**THE PROBLEM:**
Only lines containing "Foto" are wanted from the data below. Copy those lines.

Recorded data
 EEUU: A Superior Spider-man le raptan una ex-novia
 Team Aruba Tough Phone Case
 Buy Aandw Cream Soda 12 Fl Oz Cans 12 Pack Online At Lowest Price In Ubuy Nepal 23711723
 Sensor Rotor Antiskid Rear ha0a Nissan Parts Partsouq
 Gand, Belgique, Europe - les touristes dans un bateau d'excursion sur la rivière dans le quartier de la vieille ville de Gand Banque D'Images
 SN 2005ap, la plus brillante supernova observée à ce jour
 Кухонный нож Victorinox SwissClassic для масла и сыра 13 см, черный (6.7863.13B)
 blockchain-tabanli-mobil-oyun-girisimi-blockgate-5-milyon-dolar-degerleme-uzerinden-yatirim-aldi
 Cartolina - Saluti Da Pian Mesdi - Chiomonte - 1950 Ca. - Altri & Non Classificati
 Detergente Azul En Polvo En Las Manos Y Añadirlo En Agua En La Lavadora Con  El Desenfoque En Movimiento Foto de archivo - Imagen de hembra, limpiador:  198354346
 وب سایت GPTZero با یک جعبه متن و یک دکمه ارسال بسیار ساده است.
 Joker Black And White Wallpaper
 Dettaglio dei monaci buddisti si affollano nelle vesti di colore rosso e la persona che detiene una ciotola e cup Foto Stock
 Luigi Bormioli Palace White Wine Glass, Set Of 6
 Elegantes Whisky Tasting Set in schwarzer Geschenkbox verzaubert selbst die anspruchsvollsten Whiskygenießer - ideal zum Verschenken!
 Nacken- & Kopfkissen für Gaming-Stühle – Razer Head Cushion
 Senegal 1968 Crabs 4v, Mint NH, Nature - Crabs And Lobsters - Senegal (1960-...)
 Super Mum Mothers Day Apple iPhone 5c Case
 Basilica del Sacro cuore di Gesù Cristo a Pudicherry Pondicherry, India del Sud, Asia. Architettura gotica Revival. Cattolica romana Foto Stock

**OUTPUT:**
 Detergente Azul En Polvo En Las Manos Y Añadirlo En Agua En La Lavadora Con  El Desenfoque En Movimiento Foto de archivo - Imagen de hembra, limpiador:  198354346
 Dettaglio dei monaci buddisti si affollano nelle vesti di colore rosso e la persona che detiene una ciotola e cup Foto Stock
 Basilica del Sacro cuore di Gesù Cristo a Pudicherry Pondicherry, India del Sud, Asia. Architettura gotica Revival. Cattolica romana Foto Stock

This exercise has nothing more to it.